What’s new in Creo 5.0

PTC has been providing CAD products ever since Pro/ENGINEER in 1987, shortly after the company was founded. It is now releasing its latest suite of CAD apps in the form of Creo 5.0. Tom Austin-Morgan finds out what’s new.

PTC’s CAD offerings have come a long way since the 1980s. Its programs and now apps have grown to encompass design, engineering, simulation and manufacturing. For the latest release of its Creo 3D CAD software, Creo 5.0, PTC has introduced several new capabilities for the fast-changing world of product design, as well as some key productivity enhancements.

Creo is designed to enable companies to accelerate product innovation and build better products faster by reusing the best designs and replacing assumptions with facts. With Creo 5.0, concepts can be transformed into smart, connected products, bridging the physical and digital worlds with augmented reality (AR) capabilities. It also expands into topology optimisation, additive and subtractive manufacturing, computational fluid dynamics (CFD), and CAM.

Topology optimisation

The physical design of products is often limited by existing designs and practices. The new Creo Topology Optimisation Extension automatically creates optimised designs based on the objectives and constraints defined by the designer. Because the geometry isn’t being recreated with each change, design time is significantly reduced.

Additive and subtractive manufacturing

Creo 5.0 extends the additive manufacturing capabilities introduced in Creo 4.0, enabling users to design, optimise, print check, and additively manufacture parts without the need for multiple pieces of software. Designers can now create, optimise, validate and print designs in various materials, from plastics to metals, with the introduction of the Creo Additive Manufacturing Plus Extension for Materialise. Additionally, the extension allows users to connect to the Materialise online library of print drivers and profiles.

The new Creo Mold Machining extension provides dedicated high-speed machining capabilities optimised for moulds, dies, electrodes, and prototype machining. Creo 5.0 supports three-axis and 3+2 positioning machining.

Creo Flow Analysis

The Creo Flow Analysis extension is the first time PTC has included a CFD solution directly within Creo, rather than an add-on, allowing designers, engineers, and analysts to simulate fluid flow issues directly within Creo. This means users can integrate analysis early and often to understand product function and performance.

The software is purpose-builtspecifically for the design engineer and is said to be easy-to-use, highly accurate and to provide fast results.

Creo 5.0 now supports bi-directional exchange of parts and assemblies with Autodesk Inventor

Model-Based Definition

Creo 4 introduced a module that guides the user through the standards-based application of annotations to a 3D model, allowing quick generation of data that conforms to chosen standards and checking it is fully constrained.

Creo 5 extends this work to allow designers to add semantic queries into the model using the geometric dimensioning and tolerancing (GD&T) they’ve already defined. So when design changes occur or the part is being driven in an automated fashion, it will help rip through any GD&T that becomes disassociated with the originating or reference data.

AR and IoT

This has advanced considerably since Creo 4, where PTC introduced a set of tools that allowed the user to generate an AR dataset that might be shared with anyone, directly from the application. This converted the model, added in a ‘ThingMark’ that enabled the viewing app to ID the correct dataset, and gave it scale. While this was a subset of PTC’s Vuforia tools, it proved interesting and easy to use for design review.

For Creo 5, this work has continued. Now, the ThingMark is not needed for scale. Instead, the apps use spatial tracking and an awareness of surrounding elements to work out how to display the model at the correct, defined scale. In addition, there is a greater set of controls over access to the data created, such as password access control that helps to enforce who can view the AR data.

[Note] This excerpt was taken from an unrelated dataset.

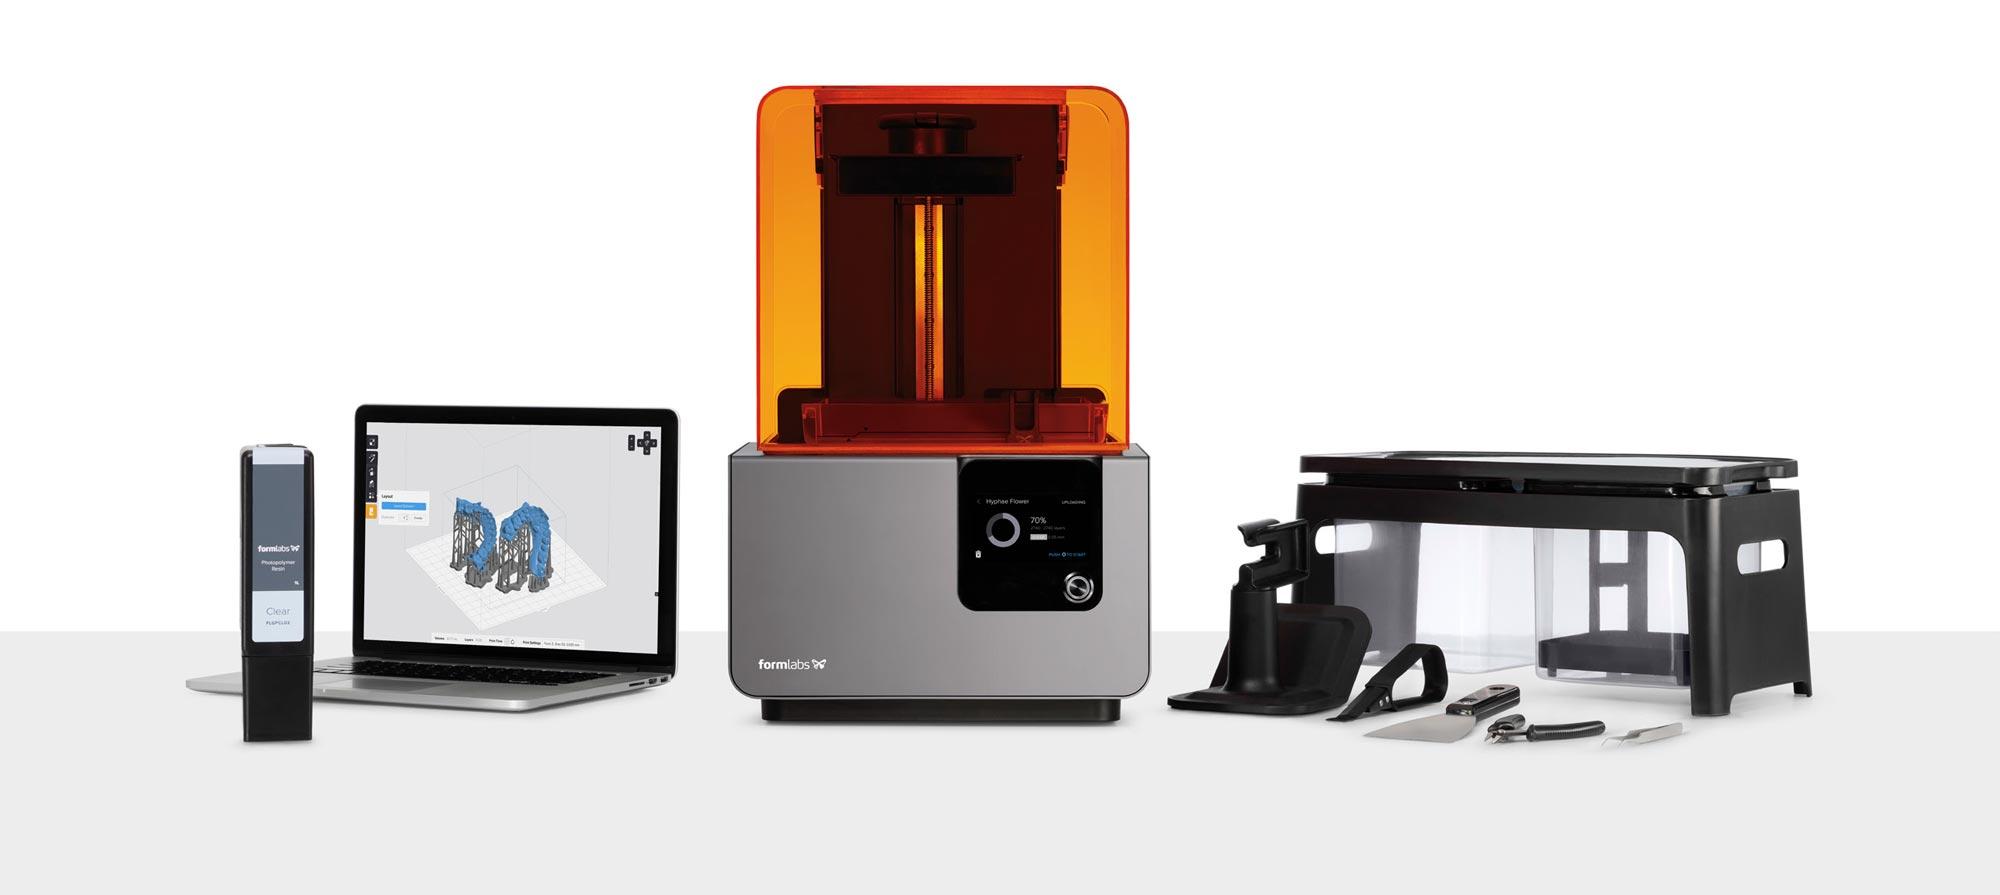 imprimante 3d formlabs form 2 la meilleure pour le dentaire. Black Bedroom Furniture Sets. Home Design Ideas

On the IoT front, Creo 4 introduced tools that made it possible to link Creo models to IoT data stored in PTC’s Thingworx platform. With further development for Creo 5, it is now possible to build in sensors within your digital model that will match up with sensors in the physical realm and use that integration within the simulation environment.

This means that designers can not only move their digital model using data from the real world, but also use physical sensors to drive simulation studies. PTC says there are additional tools in development that will make this even more powerful.

Productivity improvements

Creo 5.0 also includes key productivity improvements for the fast-changing world of product design, such as an improved user interface, geometry creation with sketch regions, and volume helical sweeps. Other enhancements include improvements to surfacing, sheet metal design, and the application of draft features involving rounds.

The Creo Collaboration Extension for Autodesk Inventor enables organisations to consolidate onto a single CAD system, enabling them to reduce the cost and effort associated with maintaining multiple systems and integrations, and enabling better data reuse and resource sharing. Creo 5.0 will now support bi-directional exchange of both parts and assemblies with Autodesk Inventor.

“With Creo, companies can go from the earliest phases of design to a smart, connected product,” said Brian Thompson, senior vice president, CAD Segment, PTC. “Improved functionality and new capabilities, like additive manufacturing, set Creo apart, and give companies a true competitive edge all the way from concept to manufacturing.”